# Does IMAX 3D have cross talk/ghosting?



## granville (Feb 21, 2012)

Basically i have a question for those whom have experience in the matter. I've only ever experienced 3D films on a theater size screen in theme parks, specifically at Disney World. Issue is that i get severe ghosting/cross talk in most of them, where even when i'm wearing the glasses, i still see a double image. It does pop out and it does have depth, it's just that in some cases, i still see a separate ghost image.

I'll mention that i also own a Nintendo 3DS. Only in some games do i get bad ghosting (where the 3D seems poorly implemented).

My question here is in regards to Imax 3D. I do have a theater pretty near where i live and i'm considering trying out a 3D movie at it (i've never seen an Imax film either). Will i experience the same problem of ghosting/cross talk in Imax 3D as i do in the sort of 3D used at theme parks? I don't wish to go into a 3D Imax movie only to find myself dizzy from that sort of thing the whole way through it.

And since we're on the subject, would this also be the same on RealD 3D films as well? I mean 3D movies in theaters that aren't Imax but just normal resolution and size.

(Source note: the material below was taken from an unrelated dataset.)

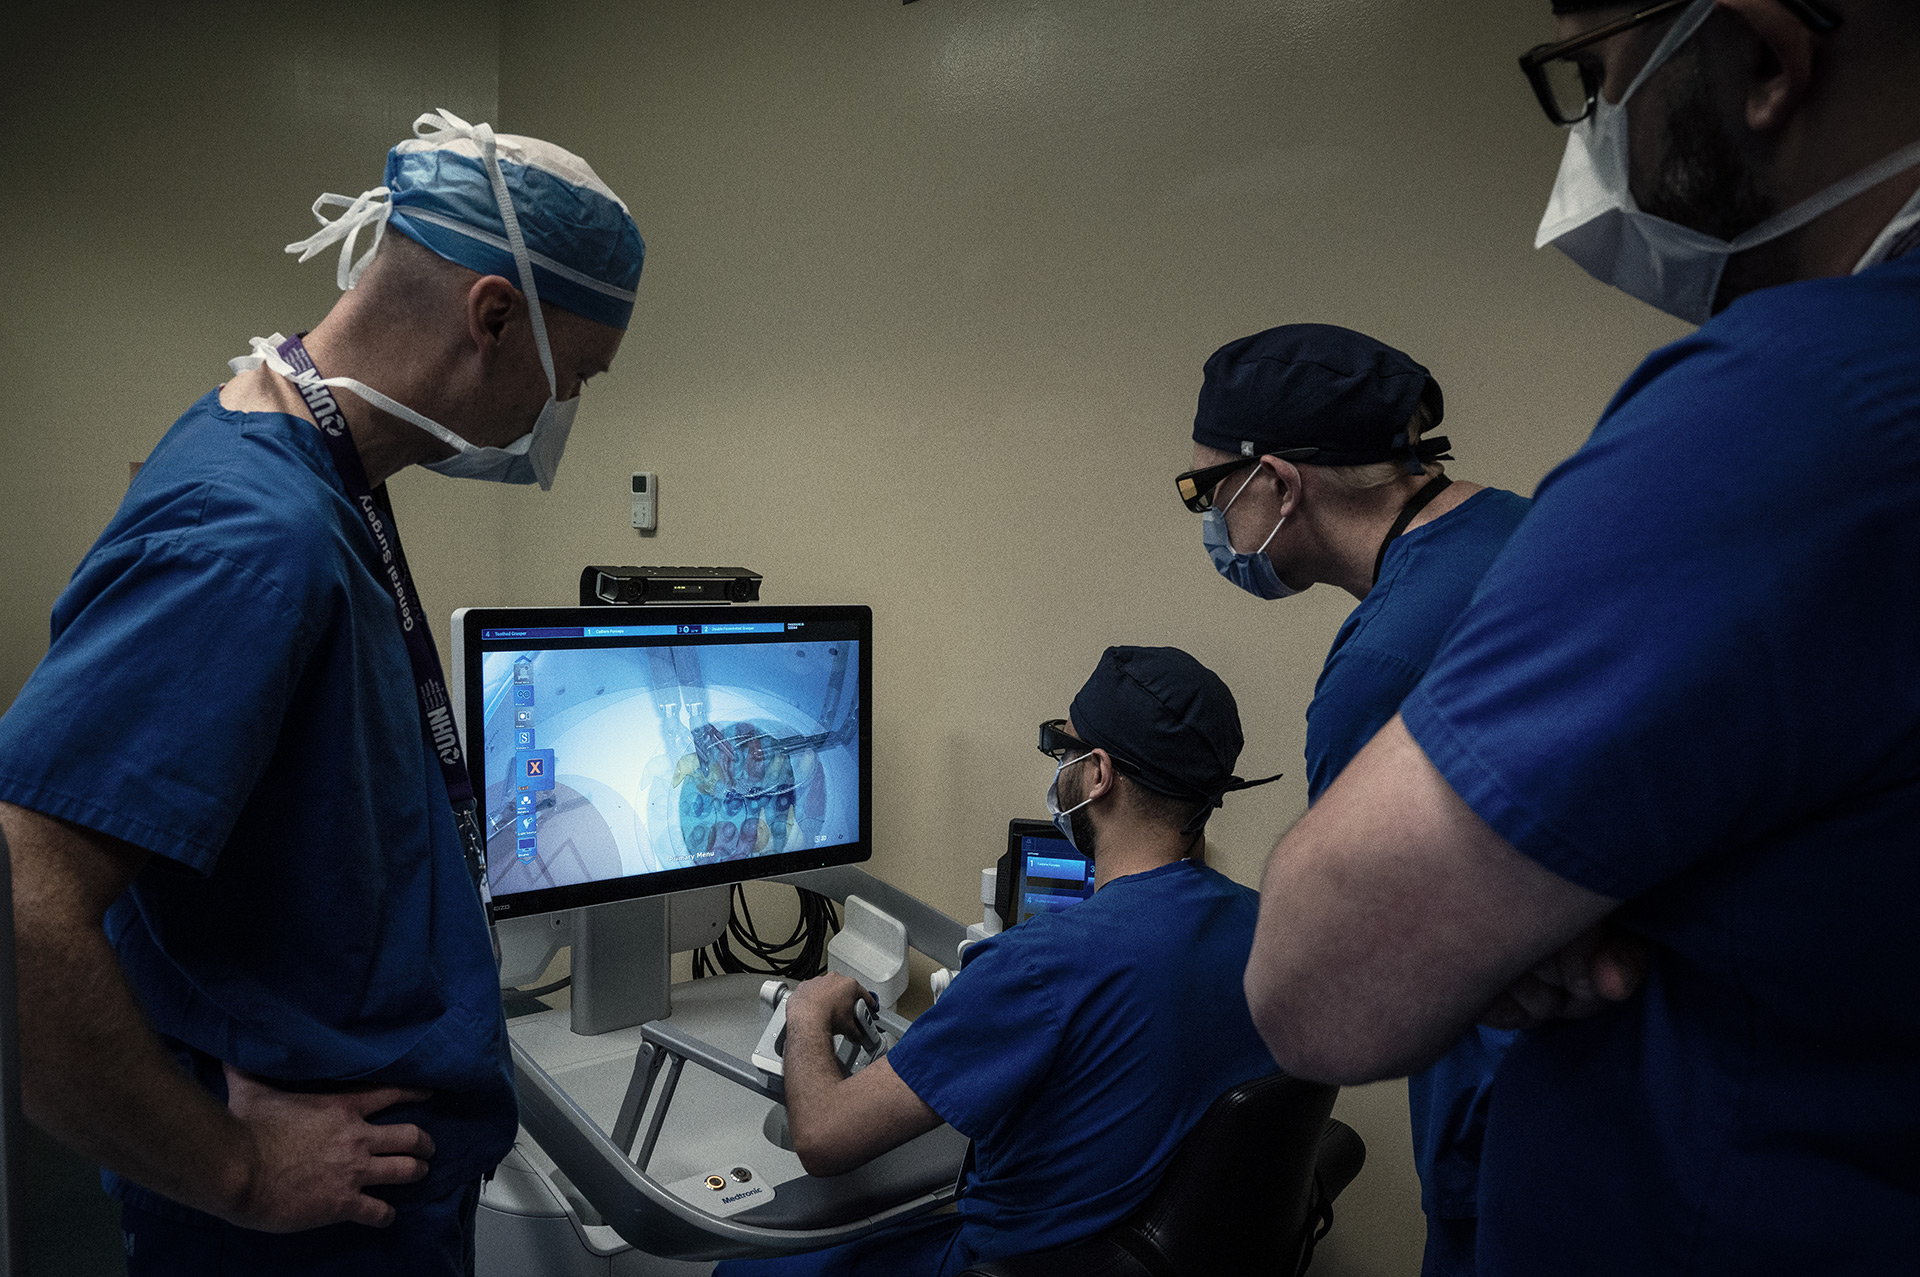 The surgical team learning how to control one of the surgical robots.

Sadly it's apparently all or nothing as well. I can't see an Imax film without the 3D, the theater doesn't seem to screen movies in just 2D Imax, only 3D Imax.


----------



## Veho (Feb 21, 2012)

You may get ghosting and crosstalk if the glasses are smudged and greasy. Smudges mess up the polarized filters and let both of the images through in places. That's the main cause for ghosting in IMAX. So take some glasses-cleaner fluid and a cloth with you, just in case.


----------



## Gahars (Feb 23, 2012)

The 3D for Imax 3D movies is of a higher quality than the 3DS', so that doesn't tend to be a problem (or at least, one I've really noticed). Like Veho said, the glasses would be the most likely source of any problems.


----------



## granville (Feb 24, 2012)

Well as i said, i don't have the ghosting issue in 3DS games unless there's something seriously wrong with the effect itself. For instance, MGS3D and Mario 3D Land are devoid of the issue. Same goes for RE:Revelations. But Rayman 3D had tons of it during cutscenes, in fact during those scenes the effect essentially doesn't even work at all. Gameplay works fine in it though.

It's the theater 3D i'm concerned about. Like i said, i'm basing it off of the 3D seen at those Disney attractions at the theme parks. I get massive ghosting at those.

I will take some cleaner with me though if i ever go to one.


----------